LaNitra Berger of the National Association For Equal Opportunity in Higher Education (NAFEO) said for years under-represented students were turned off by the traditional image of the study abroad student — White and economically advantaged.
“If you looked at advertising materials, you would see the main demographic represented,” Berger said. “Students of color didn’t see themselves in study abroad experience.”
Nationally, minority students comprise 18.2 percent of all American students abroad.
Fewer African-Americans and American Indians are heading overseas than Asian and Hispanics, according to the “2008 Open Doors” report from the Institute for International Education.
Some of the reasons, experts say, that students of color lose out on opportunities are finances, the fear of facing setbacks in their coursework, and ignorance about the process.
“There is no tradition of going overseas within these communities — particularly Black and Hispanic students,” Gordon said.

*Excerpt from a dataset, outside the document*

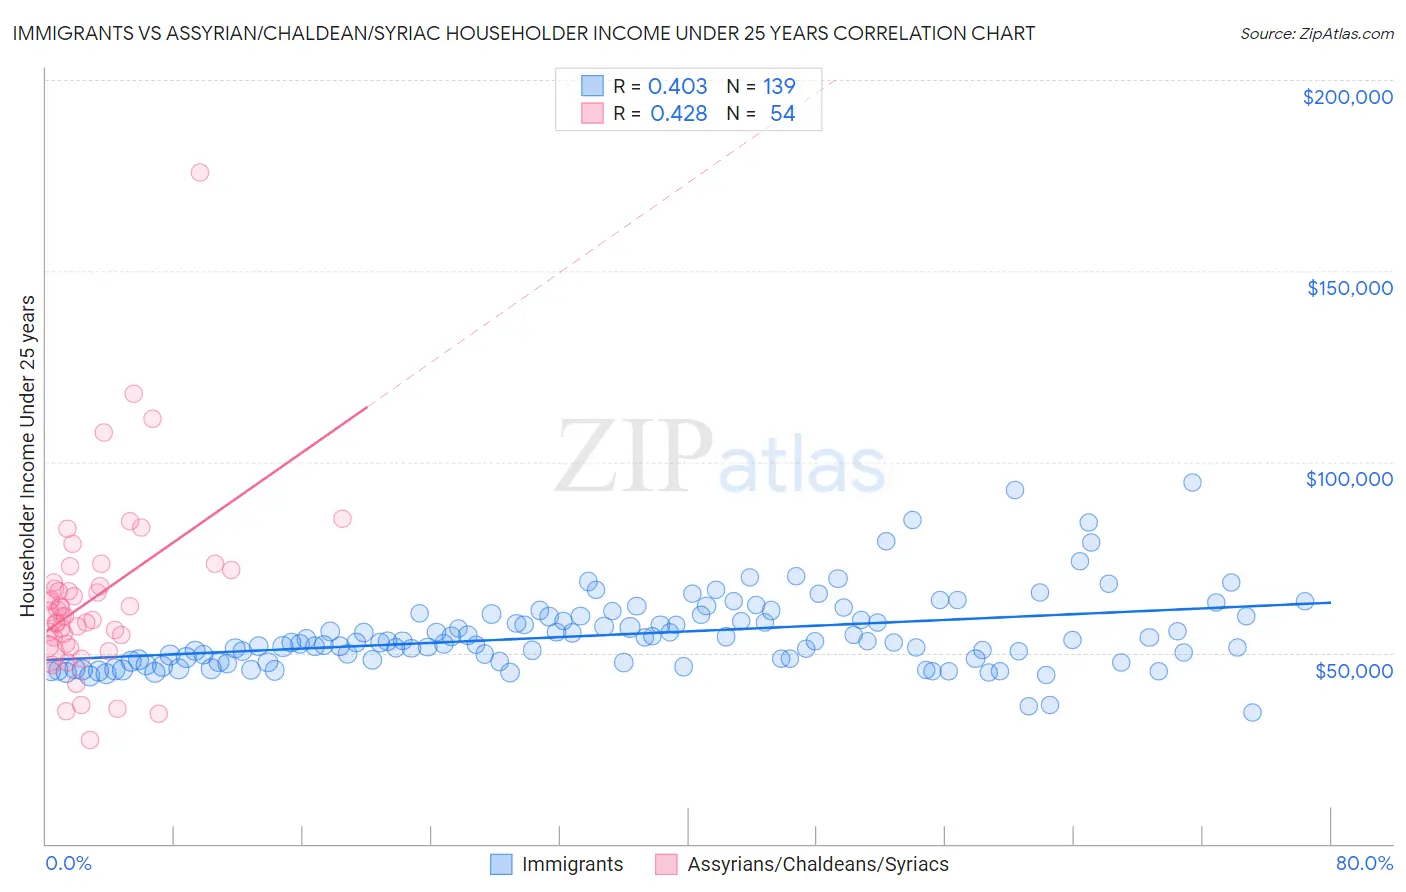 Immigrants vs Assyrian/Chaldean/Syriac Householder Income Under 25 years

In the last decade, minority participation has leveled off, although modest increases in the last year reflect the growing emphasis from the industry to retool their educational material for minorities and their families, Blumenthal said.
IES now prints brochures in Spanish and English targeted to parents with financial advice and career planning. Jambor-Smith said they are also reaching out to cultural campus student groups to facilitate workshops for students of color.
After IES hired a diversity coordinator, who regularly conducts campus tours and presentations to minority-serving institutions (MSIs), minority participation for its 2009 program increased 9.1 percent compared with a year ago while overall study abroad enrollment increased.
Study abroad programs are increasingly expanding their reach by including internship opportunities for students seeking global work experience, a prospect appealing to students of color, Jambor-Smith said. In addition, students can tailor programs to their coursework to avoid missing out.
The IIE actively promotes the Gilman scholarship program, a federally funded competitive award that targets students receiving financial aid.
Some institutions are taking independent approaches to garner interest. Dr. Kathie Stromile-Golden, the director of international programs at Mississippi Valley State University, said the biggest challenge is to dispel the fears of her students.
“Many of our students are very disadvantaged,” Stromile-Golden said. “They haven’t been outside more than 200 miles away from home. Part of the struggle is convincing students and their parents they will be safe.”
To allay their anxiety, Stromile-Golden initiated radically new programs that pair her students with international students to combat cultural misperceptions and practice critical languages such as Arabic, Chinese and Russian. So far, the programs are working as foreign-language classes are filling up and new partnerships in Azerbaijan, China, Taiwan and Belarus have been established.
But even as study abroad and international education advocates look outwardly for innovative ideas, Diversity Abroad’s Gordon said it’s time the industry looked inward.
“International higher education is not diverse,” said Gordon, whose organization provides professional development assistance for educators. “We need to be more diverse to develop better, more innovative ideas. I don’t think we do enough to look inwardly as a field that may be precluding students from going abroad.”
More diversity among professionals could encourage students of diverse backgrounds to visualize their placement in a study abroad program, he said.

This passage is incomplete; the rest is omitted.